# Mt. Vernon AE bad TC fire pot



## tsmith (Oct 14, 2015)

So I tried to fire up my quad last night and I got the bad TC fire pot warning. When I removed the TC wire from the motherboard, I found that the 2 wires were loose in the connector and pulled right out. I tested the TC and got 22 mv. I then pushed the ends of the wire back into the connector and tested again by touching the connector ends and I got 22 mv. When I connect it back to the motherboard and try to start it I immediately get the bad TC warning. So can I assume that because the wires pulled out of the connector that it is not connecting right to the board or could I have  other issues? I  figure I need to purchase a new TC, But I am not certain because it does read millivolts properly. The stove is 7 years old and the TC was never replaced.


----------



## kappel15 (Oct 14, 2015)

If it is producing millivolts, it should be good. You may want to take the tcouple to a shop that can make sure the wires are in the connector good and permanent.  There are some other things to check.  Sounds like there might be some issues with the connector on the  board.

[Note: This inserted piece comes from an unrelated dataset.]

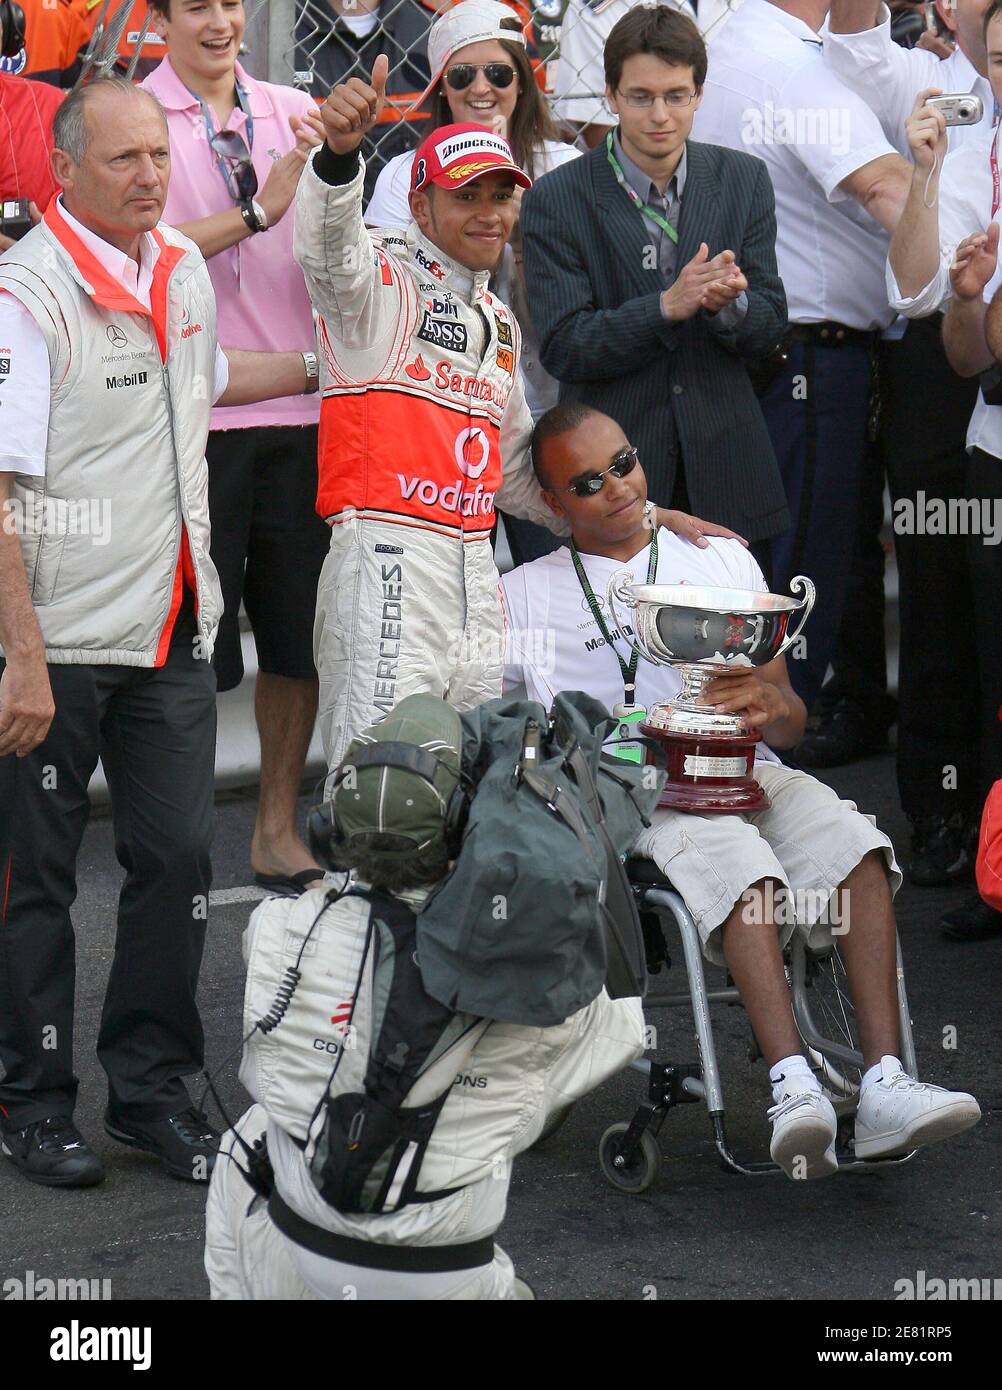 Il rookie britannico di Formula uno Lewis Hamilton della McLaren Mercedes con suo fratello dopo il Gran Premio di Monaco a Monte-Carlo, Monaco, il 27 maggio 2007. Alonso vince davanti ad Hamilton e massa. Foto di Frederic Nebinger/Cameleon/ABACAPRESS.COM Foto Stock

You need to check it to make sure it is seated properly as the connector is a friction fit with 2 locator pins. You can also check the female pins to make sure they are making a good connection. You can use a pin to make the holes smaller. You can also check the  board by unplugging stove, then pull the connector off the board. Put a jumper wire on the pins. Then plug stove back in and check the wall control. If  error code for firepot t-couple goes away the control board is good. If the code pops up again, the board is bad. kap


----------



## tsmith (Oct 14, 2015)

Thanks Kap, I will try that and get back to ya.


----------



## kappel15 (Oct 14, 2015)

If you take the connector off the board, make sure to put it back the  right way, or the tcouple will be out of polarity. (Latch side must be towards the drop tube tcouple connector. kap


----------



## tsmith (Oct 14, 2015)

Ok, it worked with the jumper wire. So the latch needs to face up or down?


----------



## kappel15 (Oct 14, 2015)

See above post. lol Latch towards droptube tcouple


----------



## kappel15 (Oct 14, 2015)

Down. Did you push the female pin holes closer for better connection?


----------



## tsmith (Oct 14, 2015)

So if I looked at it right, the latch faces down on the board, should the red wire be on the bottom of the connector towards the drop tube coupler?  also you say I can use a pin to make the female connectors smaller, just stick a pin in the connector and push the female pin together to make it tighter?


----------



## kappel15 (Oct 14, 2015)

Yes, red wire on bottom.  And yes, use a pin or thumb tac to push on the female" 0" pins to make hole smaller for better connection on male pins. Just don't over do it. kap


----------



## tsmith (Oct 14, 2015)

Hey thanks Kap, that did the trick, sorry for the above repeated posts, I did not refresh my browser in between talking to you and working on the stove so I did not see your answers before I asked the same thing again. Didn't mean to sound stupid.


----------



## kappel15 (Oct 14, 2015)

No problem. Glad to help. Stay warm. kap


----------



## stovelark (Oct 15, 2015)

Good info Kap-  was afraid the pins on the board might be done and the board was gone.  I also like your pointers to make the pins different sizes.  Thanks for the input so all of us can be a little better with the AE...  take care.


----------



## kappel15 (Oct 15, 2015)

Thanks


----------